For Lily Ray, an SEO strategy executive at the marketing agency Amsive, the idea of fewer visitors that are of a seemingly higher quality is still insufficient—and it presents an existential threat. “How are publishers, content creators, and people that make money through display ads and traffic going to make money in the future?” she asks. One potential answer is partnerships. Conde Nast, WIRED’s publisher, has a business deal with OpenAI to make articles available in ChatGPT’s search answers. The company does not have a comparable deal with Google.
Despite Ray’s concerns, her initial impression of AI Mode is comparably positive. “In my experience so far, I do find it to be a better product than AI Overviews.” she says. From Ray’s perspective, the beta version of AI Mode was more successful than AI Overviews at understanding questions and providing accurate answers. Based on my initial impressions, being able to ask follow-up questions about similar topics does feel like an improvement.
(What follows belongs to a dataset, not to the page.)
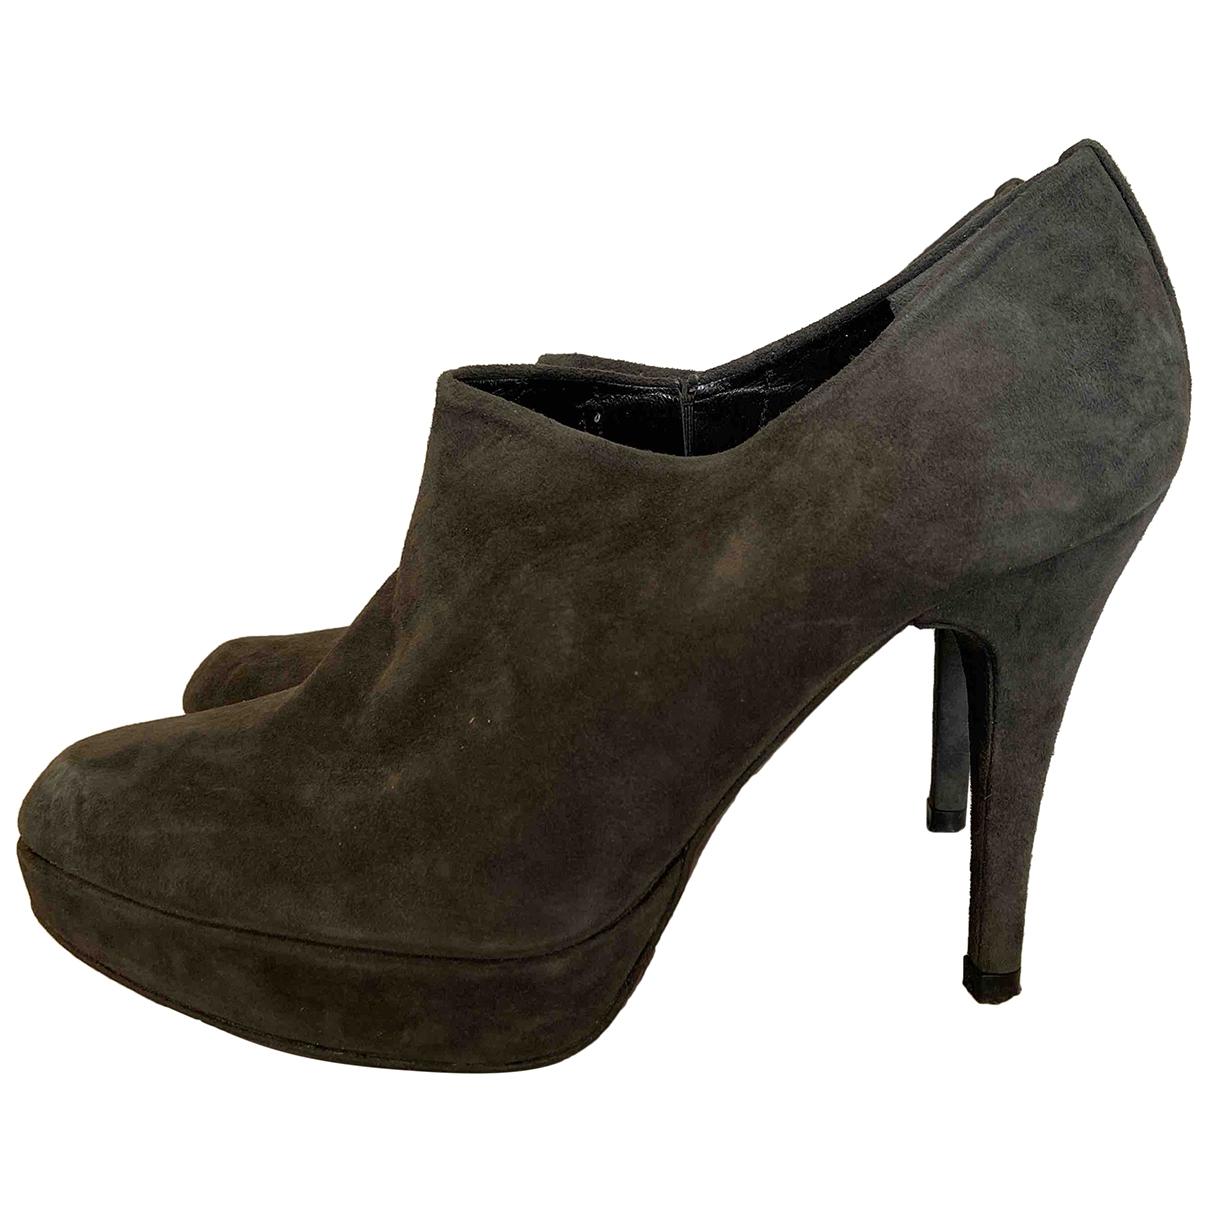 Stuart Weitzman \N Grey Suede Ankle boots for Women 36.5 EU

I did encounter mistakes during testing, though.
I asked the beta version of AI Mode “did the Giants win,” to see how it would answer a potentially common and regional sports question. “Yes, the San Francisco Giants lost their most recent game to the Colorado Rockies,” it nonsensically answered. More concerning, the AI Mode cited social media posts from X, as it repeated racist and disproven research about national IQs in Africa.
“Sierra Leone has a very low average IQ score compared to the global average,” read one result from testing. “Sierra Leone’s average IQ is reported as 45.07.” That’s a very specific number, and it comes from debunked research that white supremacists have latched onto and spread online. After a WIRED investigation last year showed this and similar numbers appearing in the answers for multiple AI search engines, Google turned off the AI Overview answers for national IQ search queries. At the time of testing, it had not yet taken the same precautions in the beta version of AI Mode.
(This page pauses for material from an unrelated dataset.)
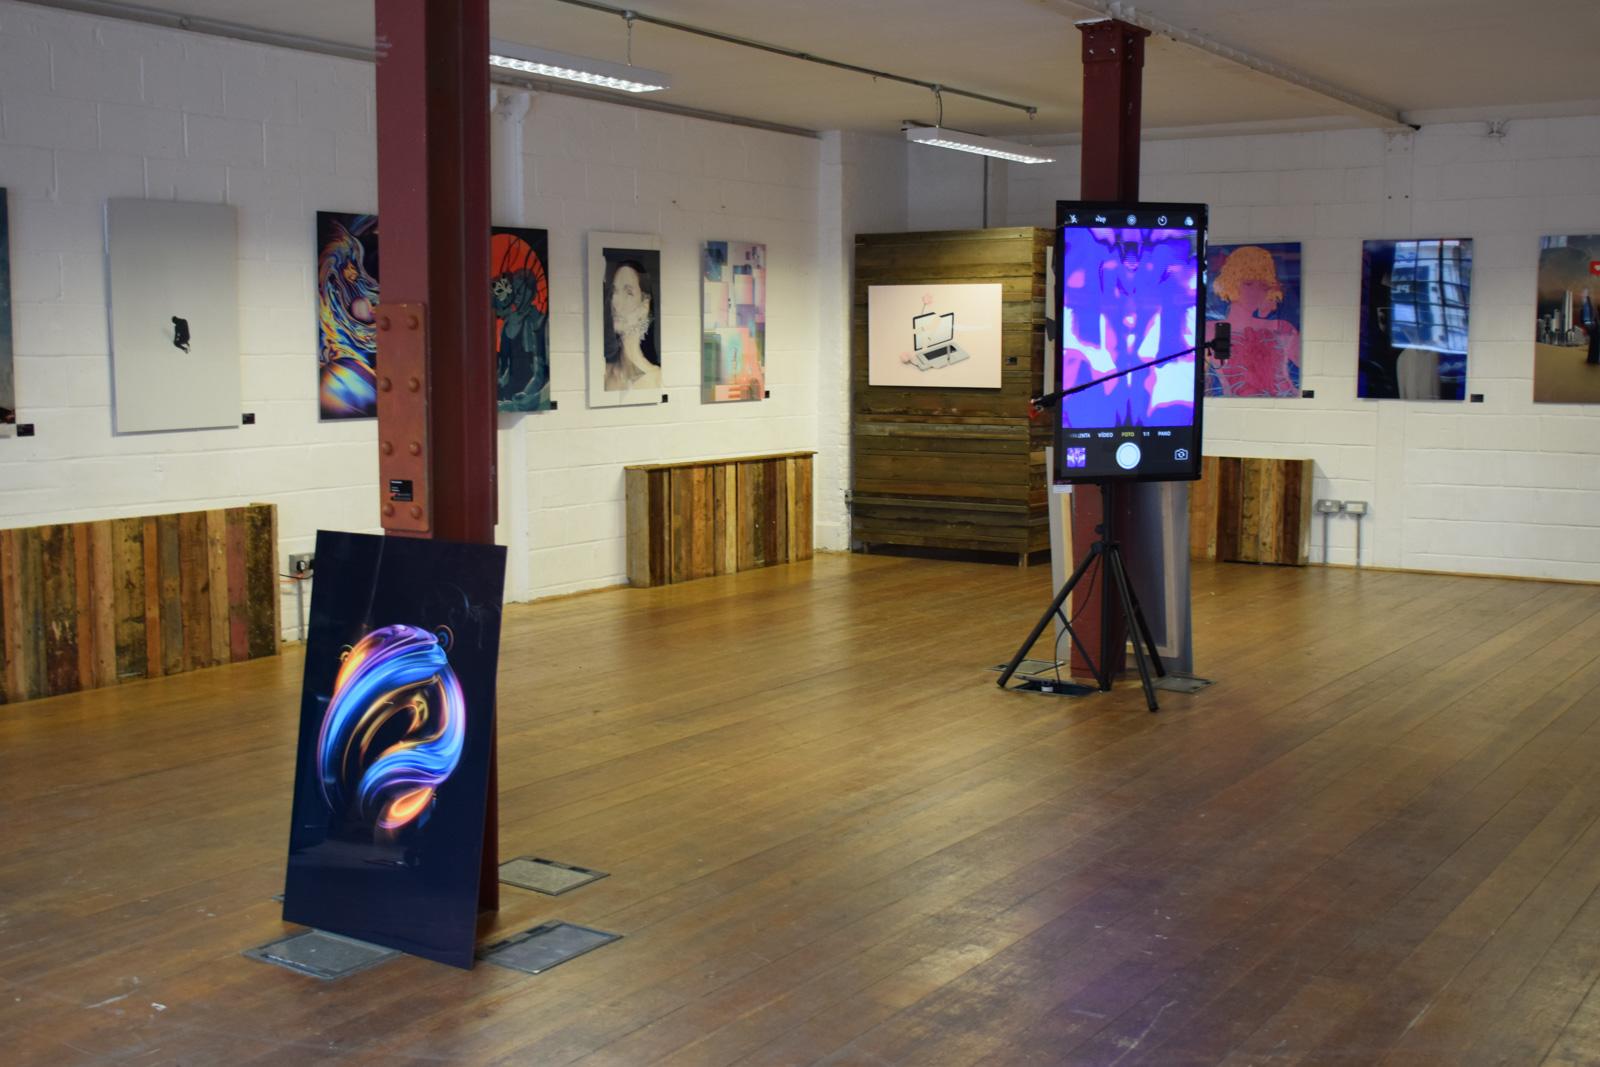 Artwork by Rik Oostenbroek in front

I asked Google to comment on my concerns about the accuracy of its generative AI search experiences, and I received a response. “The accuracy rate for AI Overviews is on par with other well-established Search features like featured snippets, which have been providing helpful information for a decade,” says Craig Ewer, a spokesperson for Google. “We continue to make further gains in areas like factuality, and these improvements inform how we approach AI Mode.”
As Google has long dominated the search engine market, the company has also molded the structure of the internet to match what its algorithm rewarded. Even if they are frustrated with the changes, many publishers feel that they have no choice but to play along if they want their websites to continue to show up at the top of Google’s search results. Google may eat further into click-through rates as it leans more heavily on AI-generated search results. The rapid transition could further impact online publishers, many of whom are already in financially precarious positions and rely on Google Search as their primary driver of traffic.
“This is the future for Google Search, so we’ve got to adapt as publishers and searchers,” says Schwartz. “Embrace change, I guess.”